§ **SOURCE DATA**
<<<<

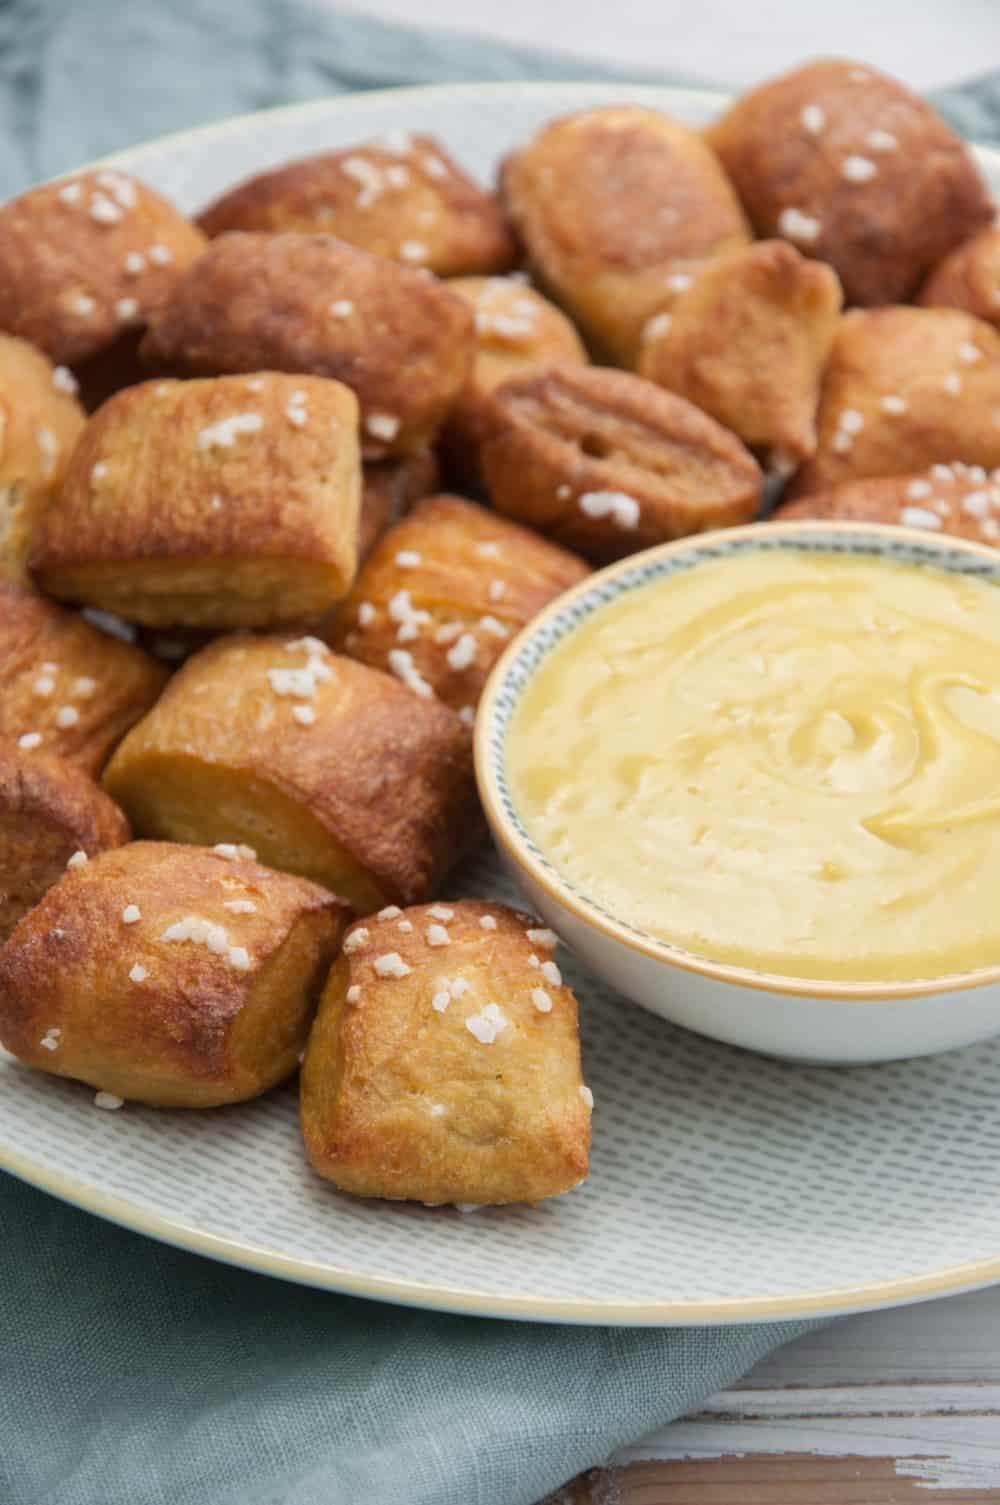 Vegan Soft Pretzels | Cravings Made Vegan Cookbook | WorldofVegan.com | #pretzels #cravings #cookbook #softpretzel
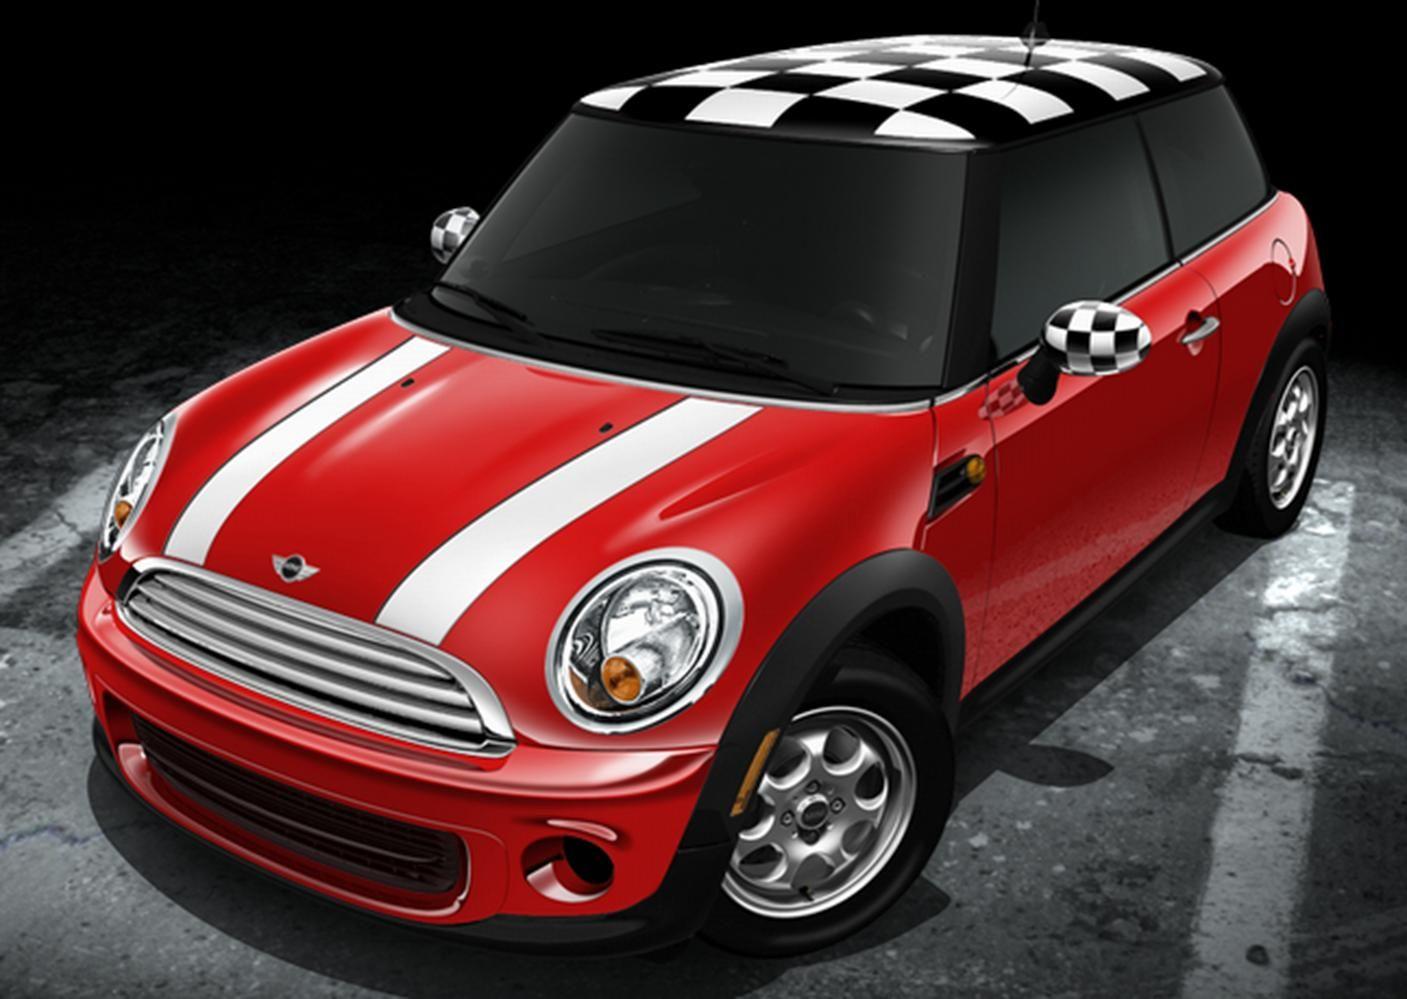 Mini Cooper Usa >> Mini Cooper I Want One Mini Usa Mini Cars
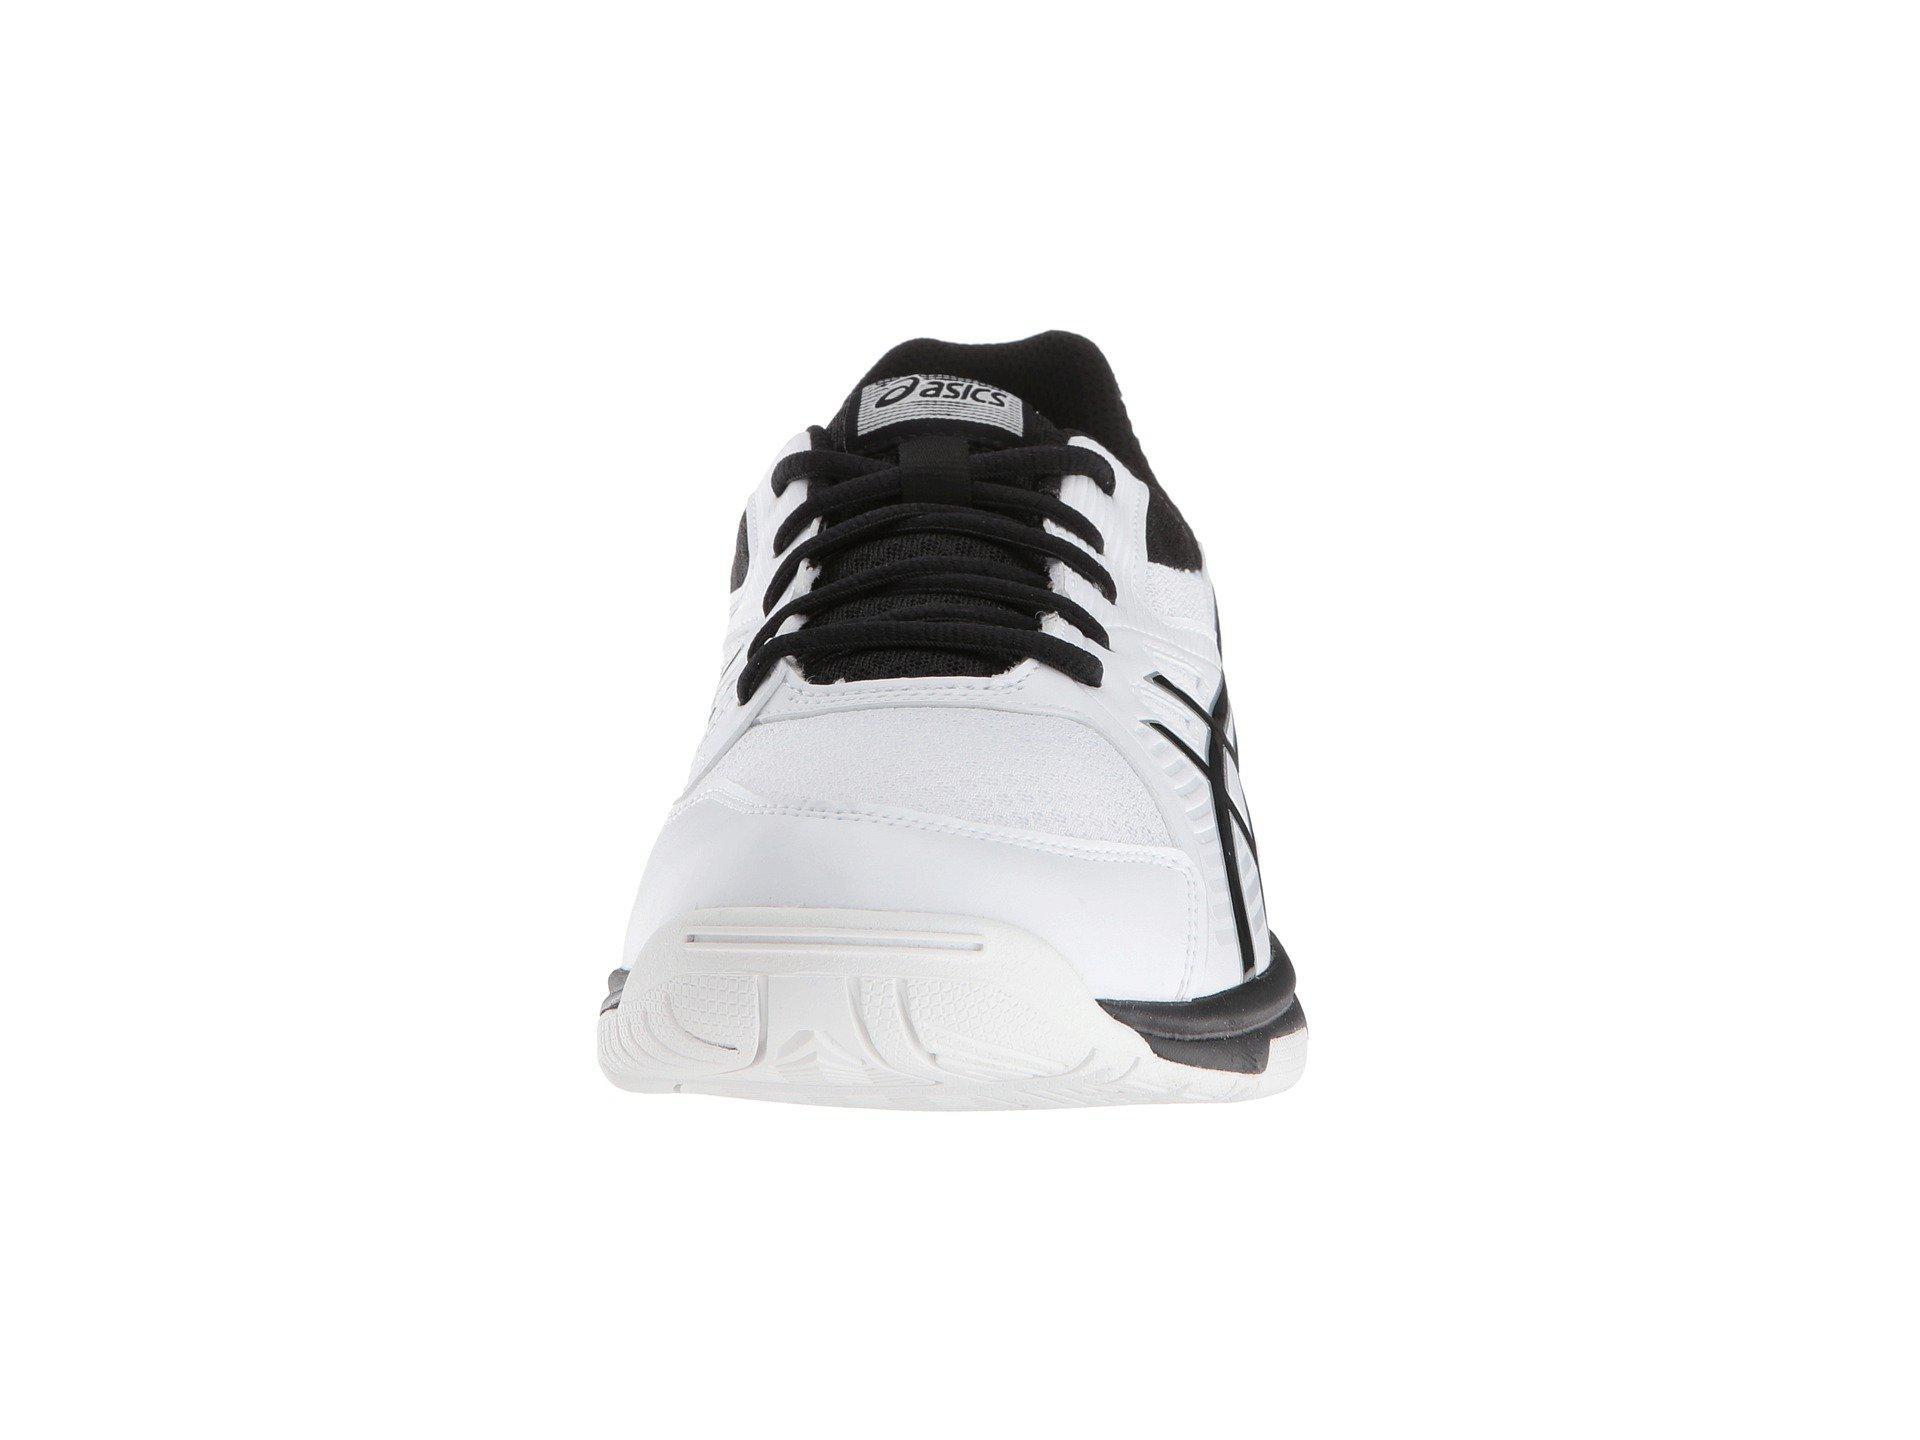 fd9e6550c0995c Volleyball 3 Men s whiteblack Lyst Upcourt Shoes Asics In Gel fq6YR7
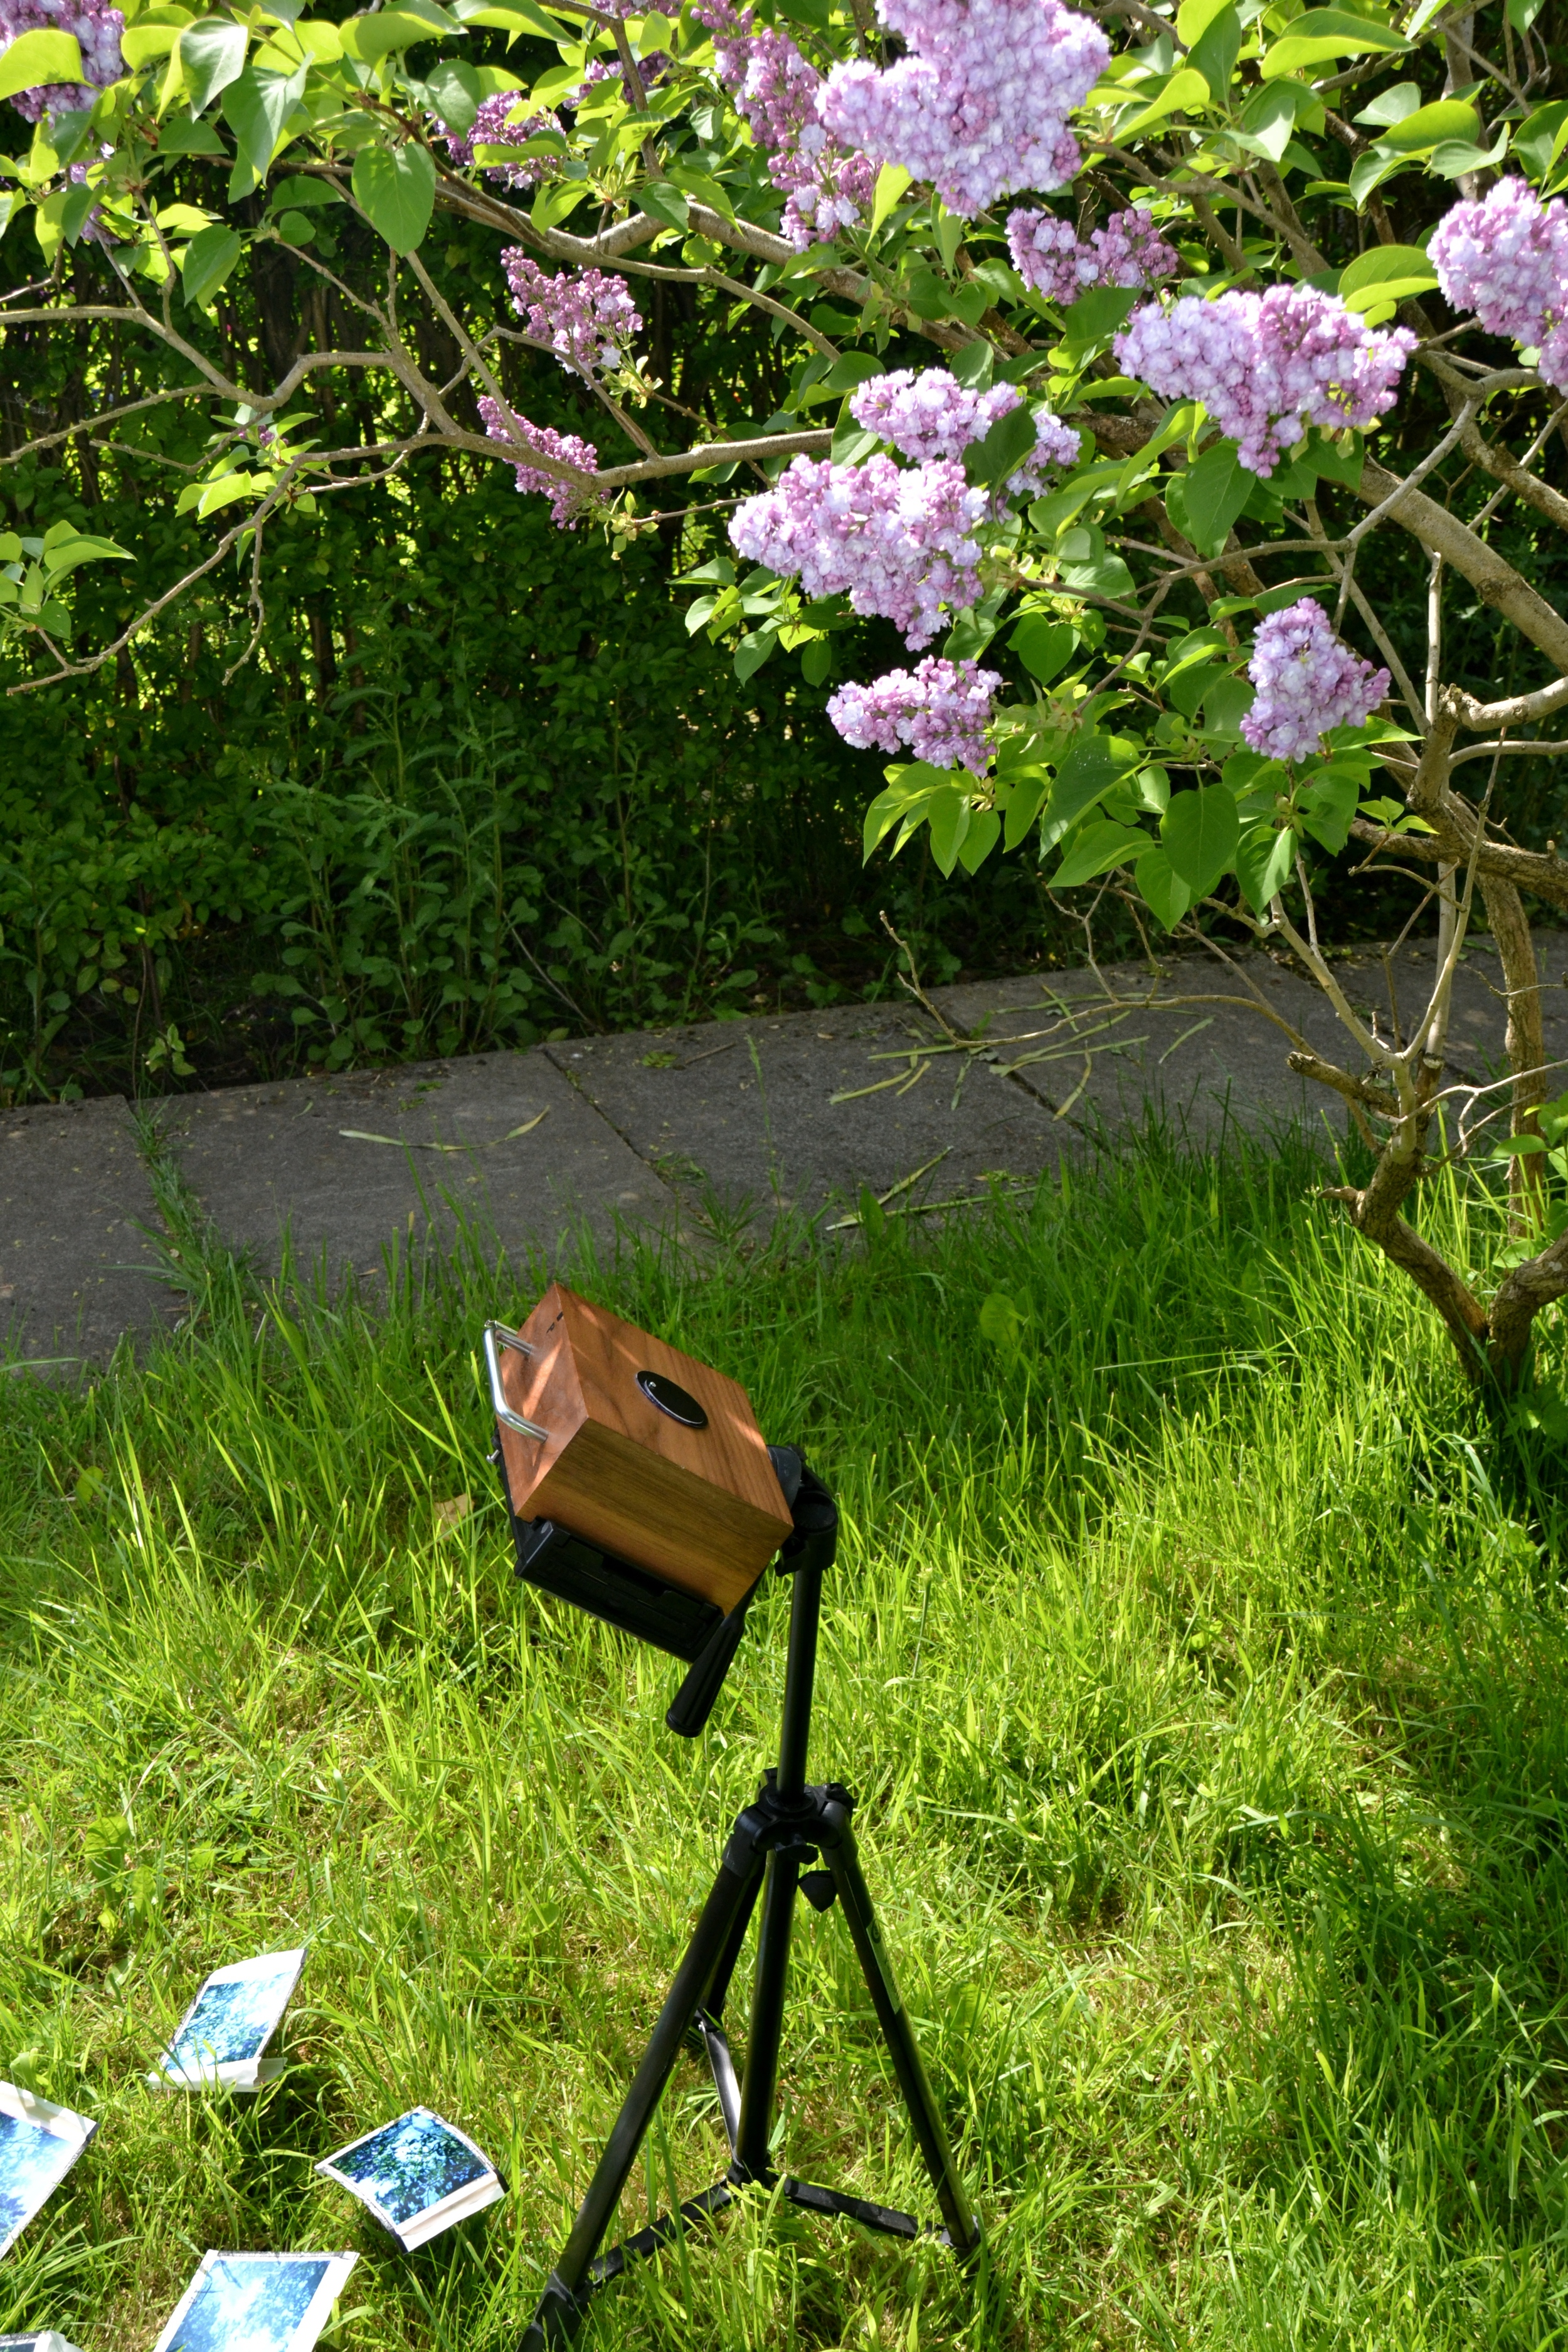 Lucy Wainwright - 5x4_pinhole_camera_polaroidback_LucyWainwright_2.JPG

>>>>

Once you find the line that contains "Mini Cooper Usa", give it again along with every later line through the end of the data, word for word, minus the pictures.

 Mini Cooper Usa >> Mini Cooper I Want One Mini Usa Mini Cars
 fd9e6550c0995c Volleyball 3 Men s whiteblack Lyst Upcourt Shoes Asics In Gel fq6YR7
 Lucy Wainwright - 5x4_pinhole_camera_polaroidback_LucyWainwright_2.JPG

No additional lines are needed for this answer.